0

I have millions of Eigen fp32 , Eigen::MatrixXf::Random(1, 512)

matrix subtract and also squaredNorm are using for calculations.

Is FPGA can make it faster than the CPU and what magnitude ? Is there any FPGA in the market that I can evaluate =

  Eigen::MatrixXf feat , b_cmp = Eigen::MatrixXf::Random(1, 512);
    for (int i = r.begin(); i < r.end(); ++i) {

            auto distance = (feat.row(i) - b_cmp).squaredNorm();
            if (distance < int xx ) {
              mutex1.lock();
              found_number.push_back(i);
              mutex1.unlock();
            }
          }
AILORD
  • 21
  • 3
  • Why go for an FPGA instead of a GPU? – Homer512 Aug 16 '22 at 06:16
  • For hardware recommendations try https://hardwarerecs.stackexchange.com/ – chtz Aug 16 '22 at 07:42
  • Hardware questions are off-topic. For programming questions make sure to provide a [mre] (please read that link). – chtz Aug 16 '22 at 07:46
  • You can likely increase the speed, if you are able to store `feat` as a row-major matrix. Not sure why you need the mutexes -- that loop alone does not involve any multi-threading. – chtz Aug 16 '22 at 07:57
  • @chtz. TBB involved above.. this is why muteness. DB size is greater than the GPU memory (100GB) . – AILORD Aug 16 '22 at 11:59
  • @Homer512. any example how to do it with GPU ? specially big DB sizes – AILORD Aug 16 '22 at 12:00
  • 1
    You can probably adapt something like this paper: https://vincentfpgarcia.github.io/data/Garcia_2010_ICIP.pdf (source code linked in document). Many other papers exist.

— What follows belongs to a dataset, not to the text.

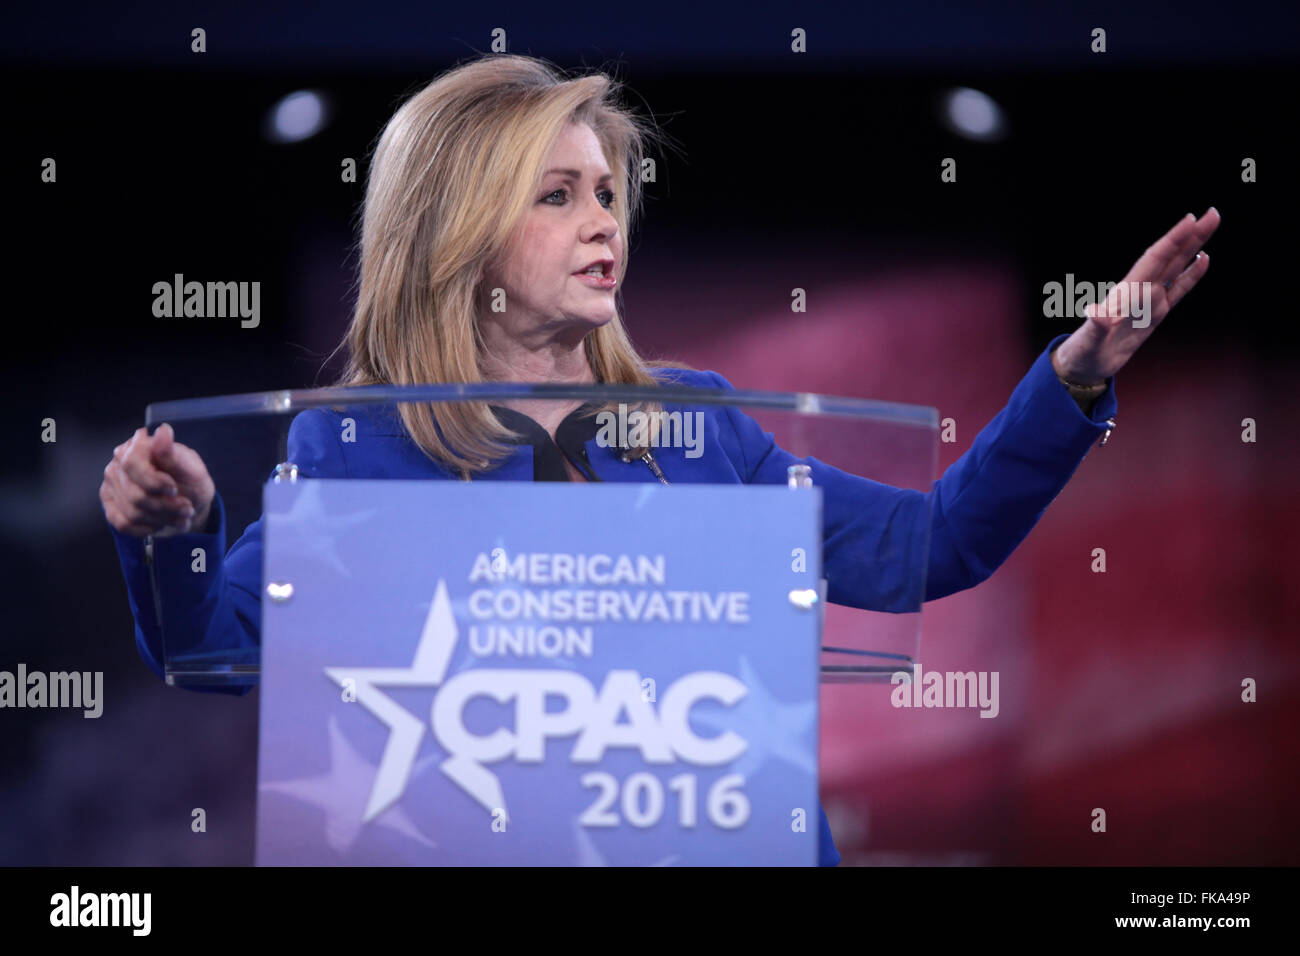 U.S. Rep. Marsha Blackburn of Tennessee addresses the annual American Conservative Union CPAC conference at National Harbor March 3, 2016 in Oxon Hill, Maryland. Stock Photo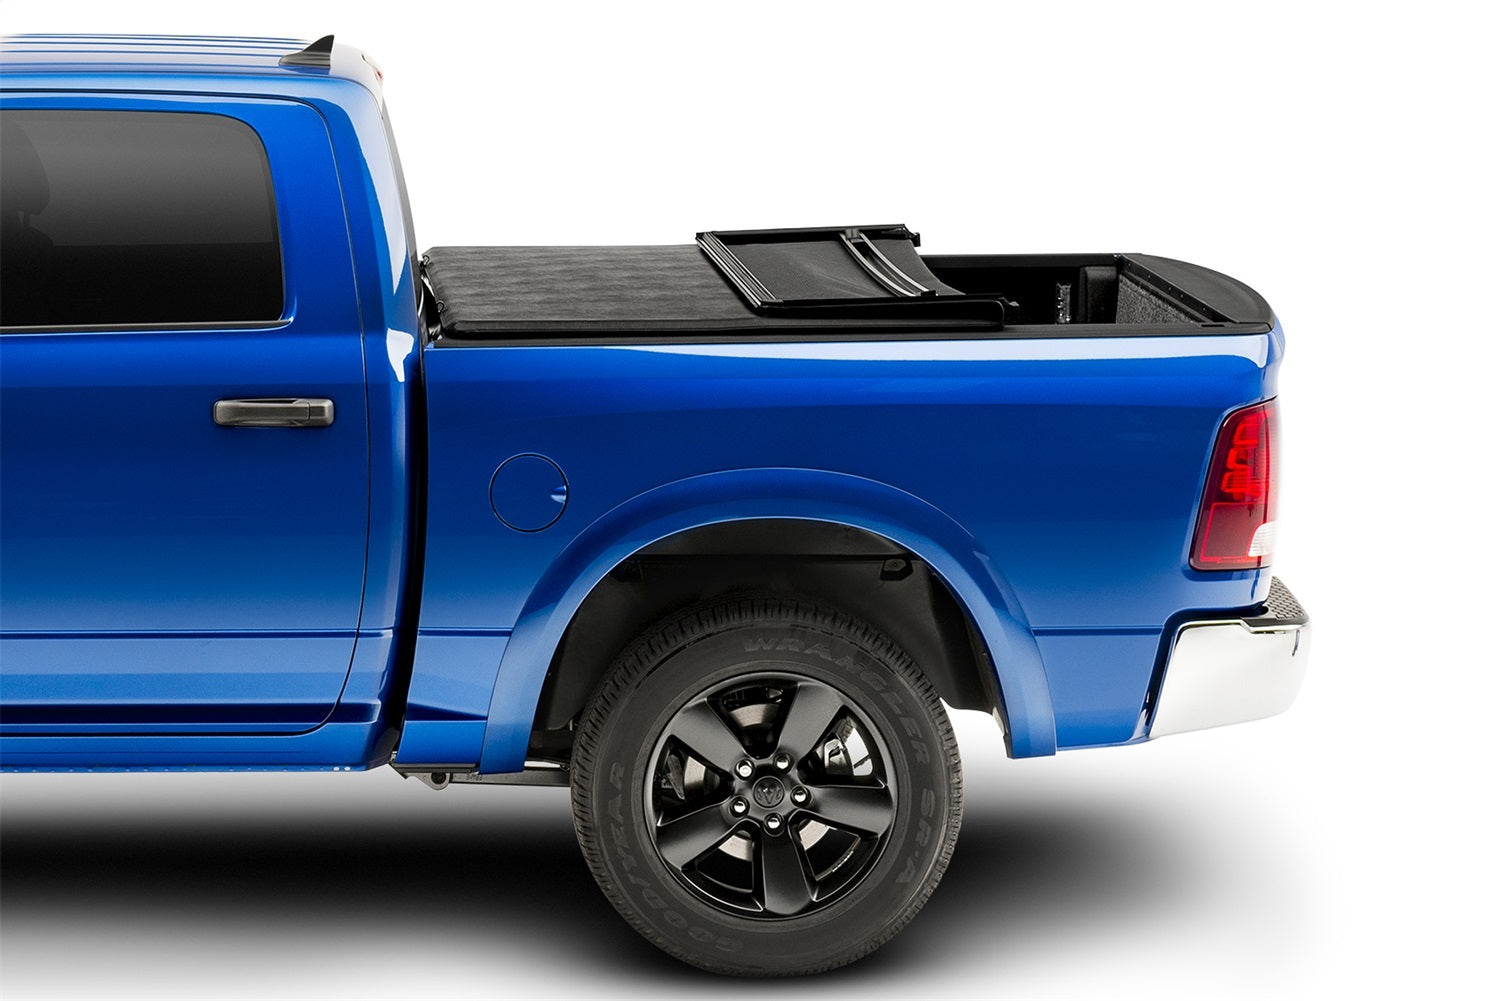 Extang 92560 Trifecta 2.0 Tonneau Cover Fits 94-03 Hombre S10 Pickup Sonoma

Just search on Google Scholar https://scholar.google.com/scholar?q=gpu+search+high+dimensional+space As for the large size, just overlap computation with copying the next batch to the GPU: https://developer.nvidia.com/blog/how-overlap-data-transfers-cuda-cc/ – Homer512 Aug 16 '22 at 12:29
  • If you store your matrix row-major (`Eigen::Matrix`) your loop will be limited by memory throughput (I assume for any `feat` matrix not fitting into L3 cache) -- I doubt that FPGA or GPU will help you there. And for such large DBs you may consider a different format, maybe something like a k-d-tree. W.r.t. multi-threading, I would consider having separate `found_number` vectors per thread and join them at the end (that way, you will also have a more deterministic order, in case that matters). – chtz Aug 16 '22 at 21:55

0 Answers0